Roche has lifted the lid on the data behind its second phase 3 giredestrant win, linking the oral selective estrogen receptor degrader (SERD) to a 30% reduction in the risk of invasive disease recurrence or death.
The Swiss drugmaker reported that its phase 3 lidERA trial met its primary endpoint in November. LidERA enrolled 4,100 patients with ER-positive, HER2-negative early-stage breast cancer to receive Roche’s oral SERD candidate or standard-of-care endocrine therapy. Roche used the 2025 San Antonio Breast Cancer Symposium to share the numbers behind its top-line victory.
The analysis of LidERA’s primary endpoint showed that 6.7% of patients on giredestrant had developed invasive cancer or died, compared to 9.4% of people in the control arm.
Roche calculated a hazard ratio of 0.7—correlating to a 30% risk reduction—and a statistically significant p-value. The drugmaker said the oral SERD’s efficacy advantage was consistent across clinically relevant subgroups. At a press event, UCLA Health’s Aditya Bardia, M.D., said giredestrant was superior to aromatase inhibitors with a hazard ratio of 0.73 and to tamoxifen with a hazard ratio of 0.53.
CDK 4/6 inhibitors weren’t approved for adjuvant use when the trial was designed, Bardia said. The FDA subsequently authorized Eli Lilly’s Verzenio and Novartis’ Kisqali in the setting. Some participants in lidERA wouldn’t have been eligible to take Verzenio and Kisqali, Bardia said, but there is overlap in the eligible populations. The drugs could compete for—and be combined in—the same patient populations.
“It is a discussion related to the side effects and efficacy that will guide the use. At this time, we don't have data of giredestrant in combination with [Verzenios], but that study is ongoing,” Bardia said. “Maybe for patients with high-risk disease, some physicians would want the best endocrine option along with a CDK 4/6 inhibitor.”
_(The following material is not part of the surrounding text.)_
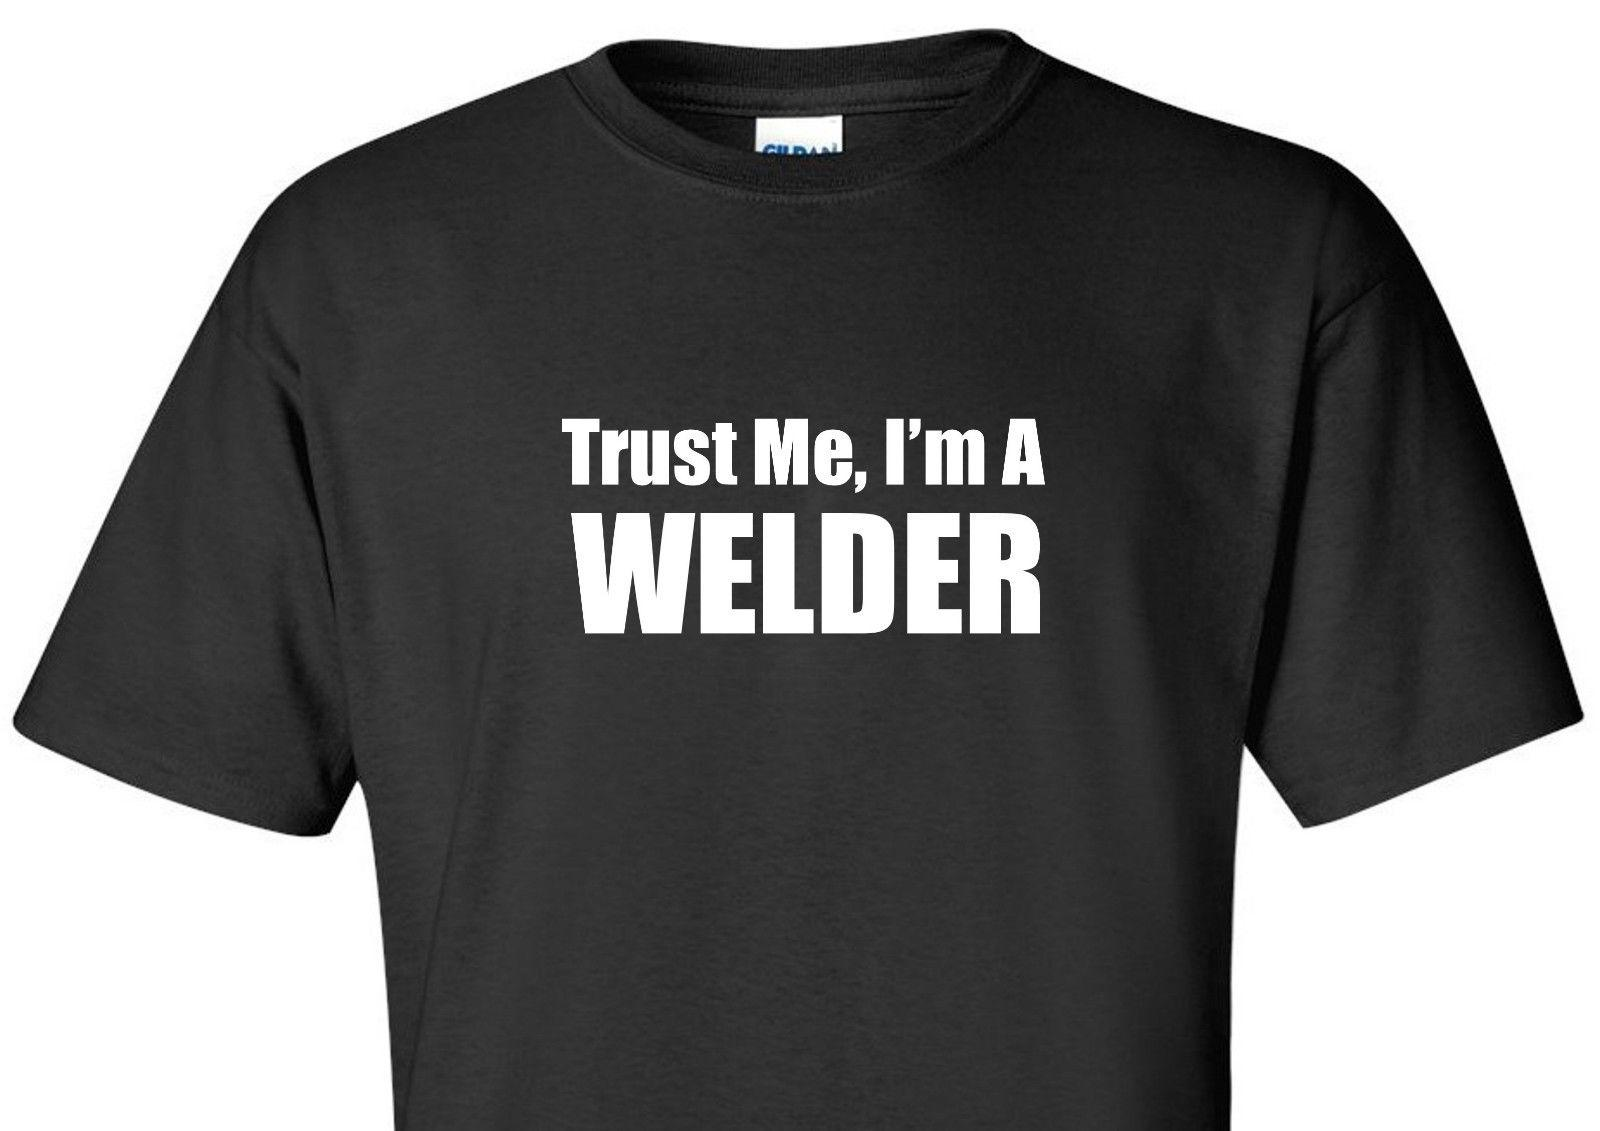 0300c8d19 TRUST ME I'M A WELDER T SHIRT WELDING FABRICATOR FUNNY SHORT SLEEVE BLACK  SHIRT Classic Quality High T Shirt Crazy T Shirt Sayings Tee Shirt Shop  Online ...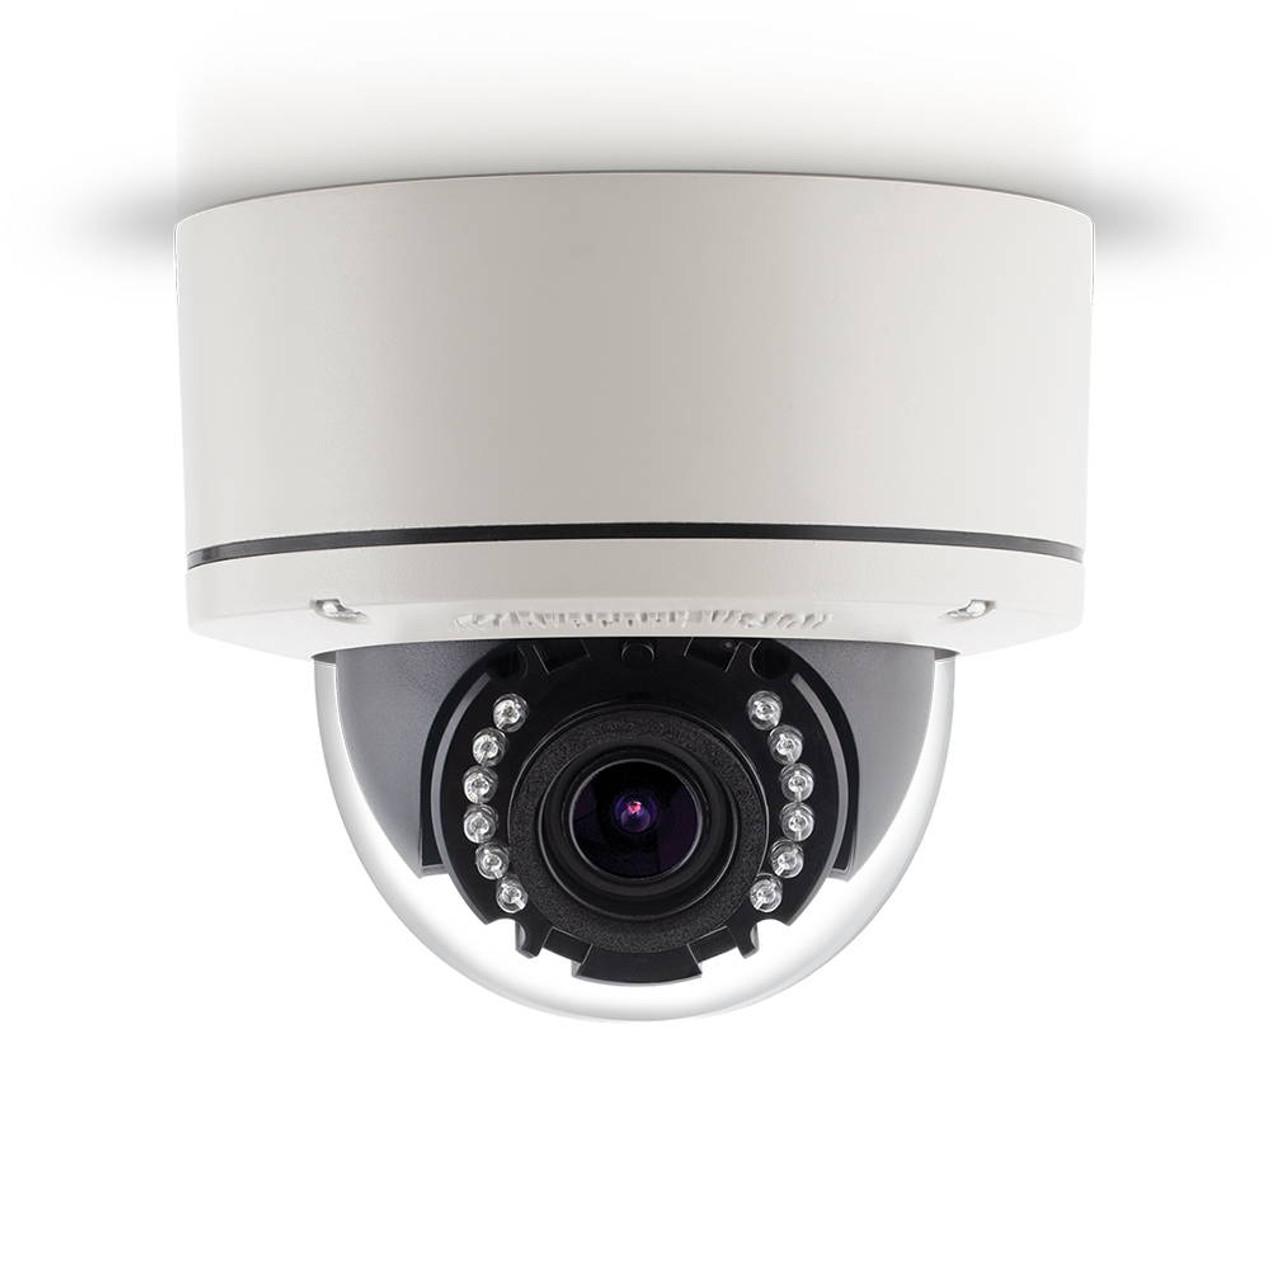 ARECONT VISION AV2255DN IP CAMERA WINDOWS 7 64BIT DRIVER DOWNLOAD

After three years, 92.4% of patients in the giredestrant arm were alive and free of invasive disease versus 89.6% in the control arm. The gap between the two arms after three years—2.8 percentage points—was slightly wider than after two years. Roche also linked giredestrant to a 31% risk reduction on an endpoint that looked at time until the first appearance of invasive breast cancer recurrence at a distant site.
As Roche said in its top-line release, the study’s secondary overall survival (OS) endpoint is yet to reach statistical significance but is trending in the right direction. At the interim analysis, 2.7% of people on giredestrant had died, compared to 3.4% of the patients on standard of care. OS follow-up will continue to the next analysis.
Roche said giredestrant was well tolerated, adding that adverse events were manageable and consistent with the molecule's known safety profile. Bradycardia, the medical term for a slow heart rate, was seen in 11.3% of people on giredestrant, compared to 3.2% of patients on standard of care. However, most of the cases were asymptomatic, and no patients had grade 3 or 4 bradycardia.
Going into the adjuvant readout, analysts identified gastrointestinal toxicity as an area giredestrant may have a disadvantage over its competition. Diarrhea and constipation were more common on giredestrant than standard of care. All cases of constipation and most cases of diarrhea were grade 1 or 2.
Roche has identified tolerability as a factor that could encourage physicians to prescribe giredestrant over existing adjuvant breast cancer drugs. While joint pain was the most common treatment-emergent adverse event in both cohorts, the proportion of patients who stopped treatment because of the side effect and other musculoskeletal disorders was lower on giredestrant, 1.8%, than on the control, 4.4%.
The readout positions Roche to become the first company to try to establish an oral SERD in the adjuvant market. While AstraZeneca, Eli Lilly and Menarini are all studying oral SERDs in the setting, Roche said lidERA is the first study in the class to show a significant benefit in adjuvant use. The Swiss drugmaker is preparing to share the data with health authorities.
Editor's note: This article was updated at 9:45 a.m. ET on Dec. 10 to add comments from oncologist Aditya Bardia, M.D.